551 is the laboratory of Andrew Maynard—a space for thoughts, experiments, and play. Andrew treats this room much like he treats his sketchbooks: unencumbered by linear thought, with no purpose other than to exercise the vital connection between hand and mind. For Andrew, a sketchbook is a safe haven to draw and write anything, without rules and without an audience. The 551 Laboratory operates on the same premise. There are no rules, only exploration.

Sometimes the outcomes relate directly to his architectural practice, but mostly, they do not. Ideas often emerge subconsciously across the page, sometimes resulting in something delightfully juvenile. This space represents the hidden, inner workings of the mind. The key difference? People can peer right in. This public gaze creates a beautifully uneasy tension. Thoughts, explorations, and play that were once safely hidden within the closed pages of a sketchbook are now fully visible to the outside world. Does knowing there is a transient audience change the way the work is created? Andrew hopes not.

 

Currently you will see….

CV08 is the maître d'hôtel of the 551 laboratory.
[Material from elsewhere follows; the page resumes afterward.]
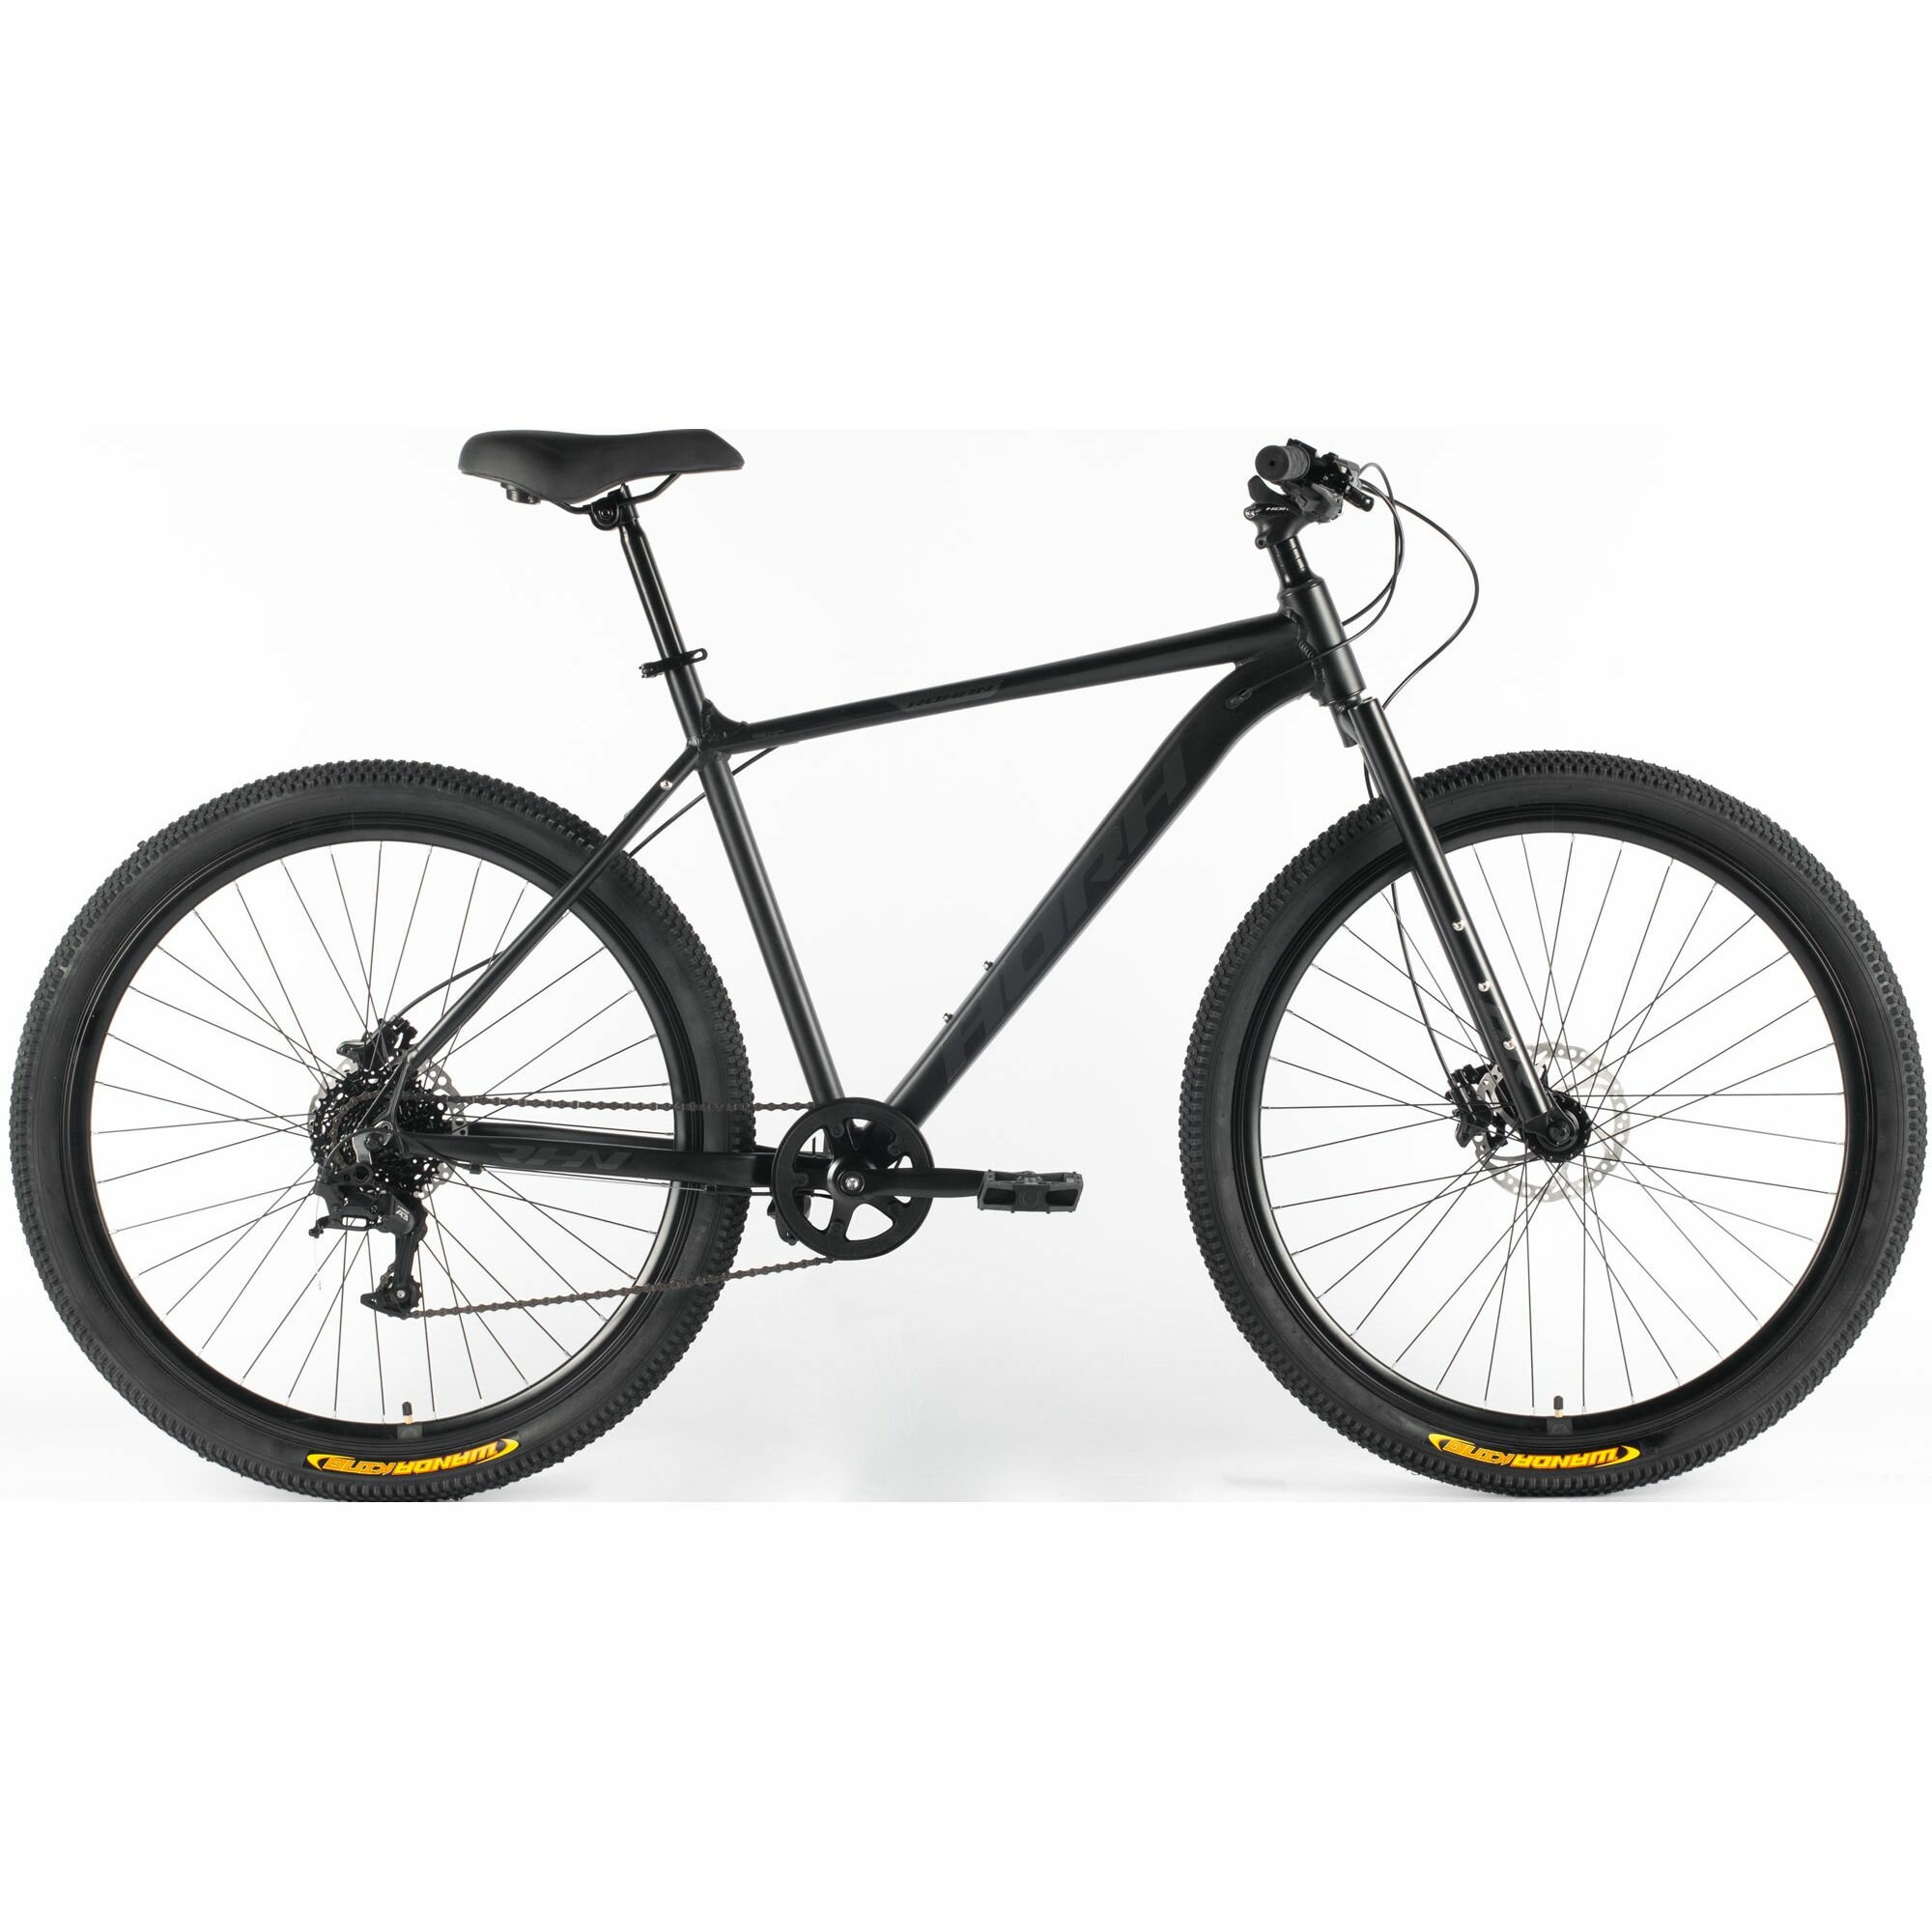 Велосипед горный HORH ROHAN RHD 9.1R 29" (2024), ригид, взрослый, мужской, алюминиевая рама, 8 скоростей, дисковые гидравлические тормоза, цвет Black-Grey, черный/серый цвет, размер рамы 19", для роста 180-190 см

A thought experiment for the 2008 National Architecture Conference, where Andrew was asked to consider the future of the Australian suburb. More about CV08 here…

The Sketch Roll - Andrew has spent much of his life squirrelling away thoughts and ideas in sketchbooks. These explorations have often felt lost, as they hide within their pages. Andrew sought a way of having his thoughts spilled out in the open where they could be as grand or as small as he wanted. More importantly they interact with each other rather than disappearing from view.

Legacy sketchbooks - Andrew revisits sketchbooks from as early as 1994, the year that he began studying architecture at the University of Tasmania. At the time he spent much of his time skateboarding, drawing and reading comics. His sketchbooks reflect his studies and interests. Recently Andrew has been revisiting his sketchbooks and selecting one sketch to replicate as a small sculpture.